2. Create T-SQL to separate the 3 columns (something like below)

with col1 as (
  Select 
  [Val],
  substring([Val], 1 ,charindex(',', [Val]) - 1) col1,
  len(substring([Val], 1 ,charindex(',', [Val]))) + 1 col1Len
  from #temp
), col2 as (
  select 
  [Val],
  col1,
  substring([Val], col1Len, charindex(',', [Val], col1Len) - col1Len) as col2,
  charindex(',', [Val], col1Len) + 1 col2Len
   from col1
) select col1, col2, substring([Val], col2Len, 200) as col3
from col2

T-SQL Output:

col1    col2    col3
"000001"    "J Smith"   "Red","Free text here"
"000002"    "A Ball"    "Blue","Free text here","but can","continue"
"000003"    "W White"   "Green","Free text here","but can","continue","indefinitely"

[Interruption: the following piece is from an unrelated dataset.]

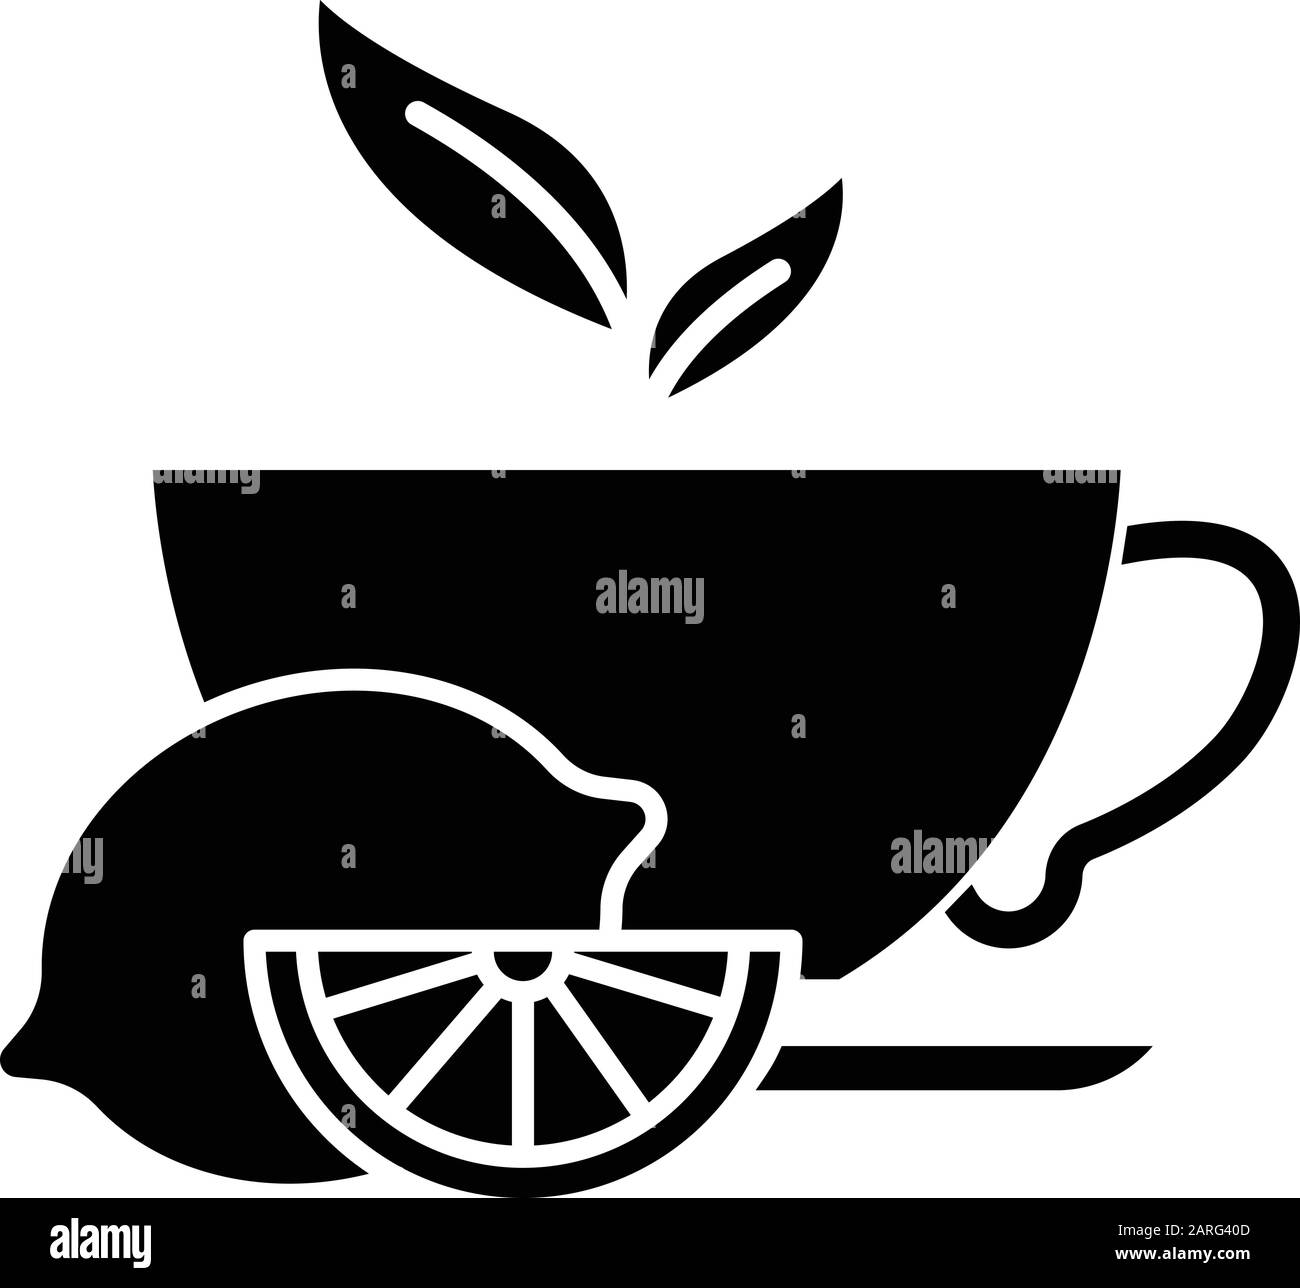 Lemon tea glyph icon. Common cold aid. Healthcare. Aromatic teacup. Hot drink in cup. Antioxidant with vitamin C. Beverage to relax. Silhouette symbol Stock Vector

3. Use the above query in OLEDB source in different data flow task

Replace double quotes (") as per your requirement.

0
votes

This was a fun exercise:

Add a data flow

Add a Script Component (select Source)

Add 4 columns to Outputs ID, Name Color , FreeText all type string

edit script:

Paste the following namespaces up top:

using System.Text.RegularExpressions;
using System.Linq;

Paste the following code into CreateNewOutputRows:

    string strPath = @"a:\test.txt";  \\put your file path in here
    var lines = System.IO.File.ReadAllLines(strPath);

    foreach (string line in lines)
    {
        //Code I stole to read CSV
        string delimeter = ",";

        Regex rgx = new Regex(String.Format("(\"[^\"]*\"|[^{0}])+", delimeter));
        var cols = rgx.Matches(line)
                      .Cast<Match>()
                      .Select(m => m.Value.Trim().Trim('"'))
                      .Where(v => !string.IsNullOrWhiteSpace(v));
        //create a column counter
        int ctr = 0;

        Output0Buffer.AddRow();

        //Preset FreeText to empty string
        string FreeTextBuilder = String.Empty;

        foreach( string col in cols)
        {

            switch (ctr)
            {
                case 0: 
                    Output0Buffer.ID = col; 
                    break;
                case 1:
                    Output0Buffer.Name = col;
                    break;
                case 2:
                    Output0Buffer.Color = col;
                    break;
                default:
                    FreeTextBuilder += col + " ";
                    break;
            }
            ctr++;
        }

        Output0Buffer.FreeText = FreeTextBuilder.Trim();

    }